High-Tech Lie Detection Systems
Scientists at Tel Aviv University that have developed a new method of lie detection. Prof. Hanein and colleague Prof. Dino Levy lead a team that have identified two types of liars - those who involuntarily move their eyebrows when they tell a fib, and those that cannot control a very slight lip movement where their lips meet their cheeks.
The software and algorithm they use can now detect 73% of lies and they intend to improve that as they develop the system. "When you try to conceal a lie, one of the things you try to avoid is any sort of body reaction... But it's very, very hard for you to conceal a lie with this technology." Prof Levy says.
The early 20th Century saw the invention of the first lie detection machines or polygraphs. The most well-known of these is the "analogue polygraph", which typically has three or four ink-filled needles that dance round on a strip of moving paper. The suspect has sensors attached to their fingers, arms and body and the machine then measures breathing rate, pulse, blood pressure and perspiration as they answer a series of questions.
Currently the polygraph is the best-known technique for psycho-physiological detection of deception. The goal of all of these techniques is to detect deception by analysing signals of changes in the body that cannot normally be detected by human observation. Unfortunately, these devices are not considered wholly accurate.

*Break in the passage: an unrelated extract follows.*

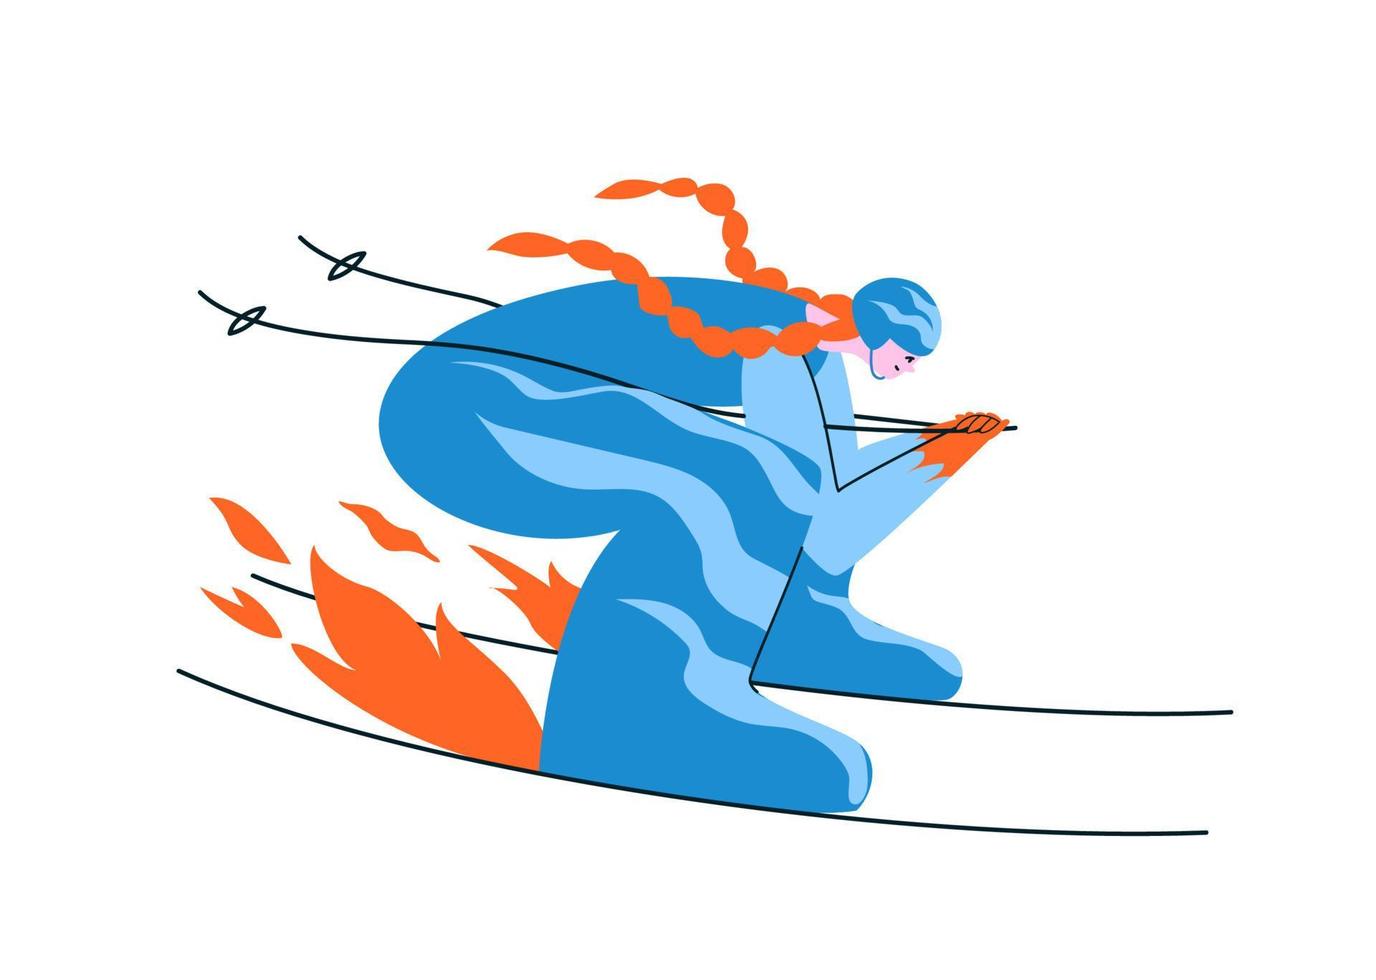 esquiadora pelirroja dibujada a mano con traje azul. una joven esquía en una pose aerodinámica a toda velocidad que enciende el fuego bajo los esquís. ilustración de stock vectorial en estilo de dibujos animados en blanco. vector
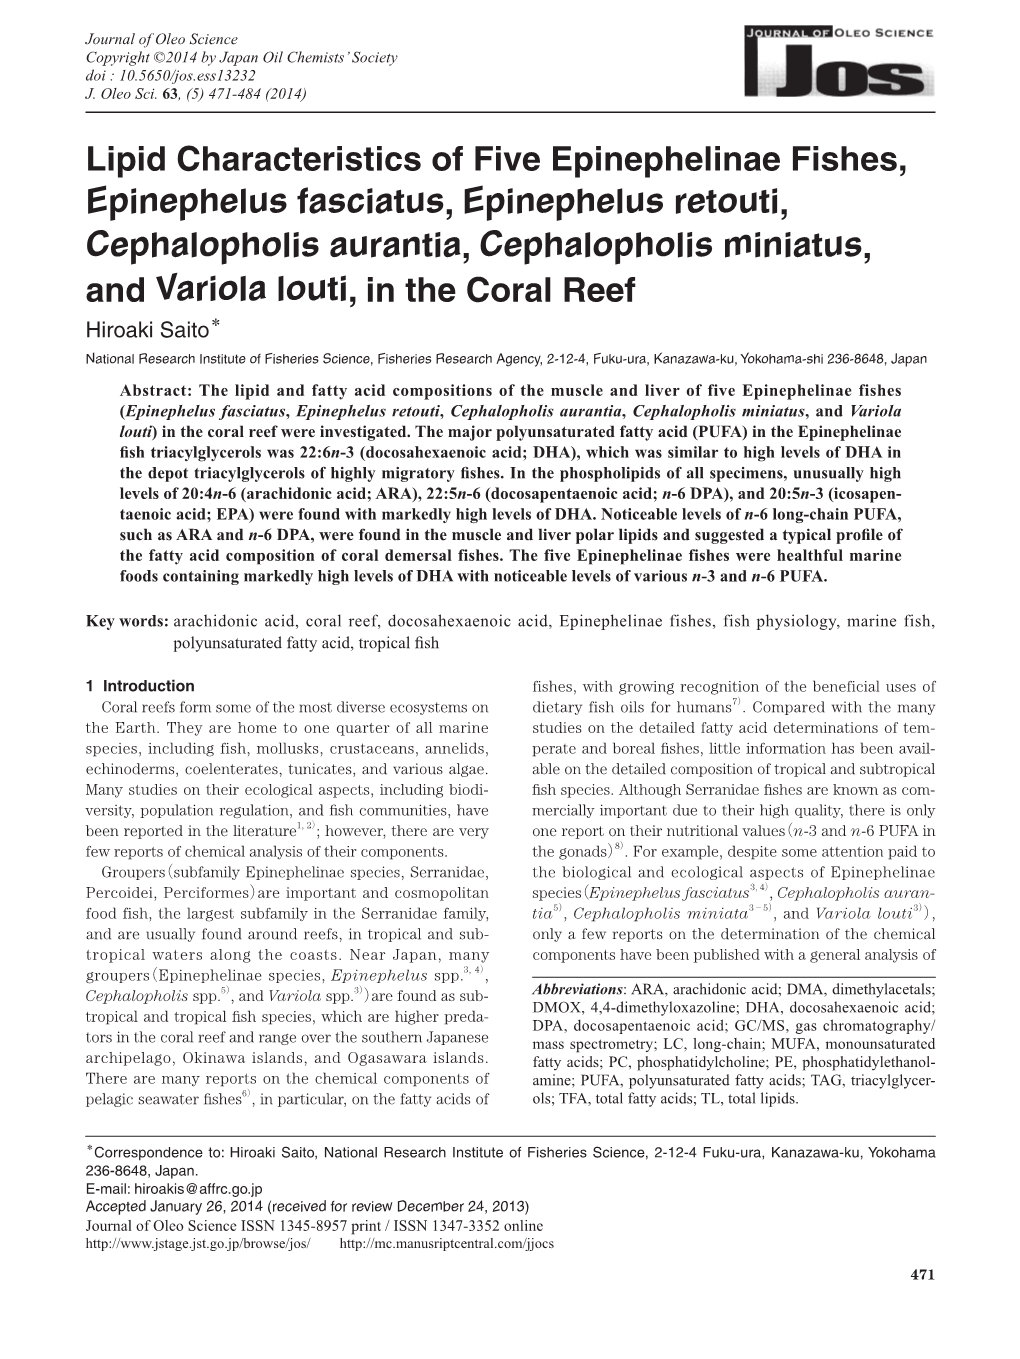 Lipid Characteristics of Five Epinephelinae Fishes, Epinephelus

However, the availability of cheaper computing power, brain-scanning technologies and artificial intelligence has given birth to a powerful new generation of lie-detection tools based upon measuring changes in cognitive load, which has an involuntary impact on the eyes and reading behaviour, which can be accurately measured.
The Tel Aviv researchers say that a combination of skin electrodes measuring facial muscle movements and video cameras monitoring eye movements and subtle changes in pupil size, are capable of detecting a liar with a much higher level of certainty.
In the commercial sector a number of companies have been set up with the aim of using similar technology to produce what they hope will be an infallible lie detector for use law enforcement and other state agencies as well as employers, insurance companies and others.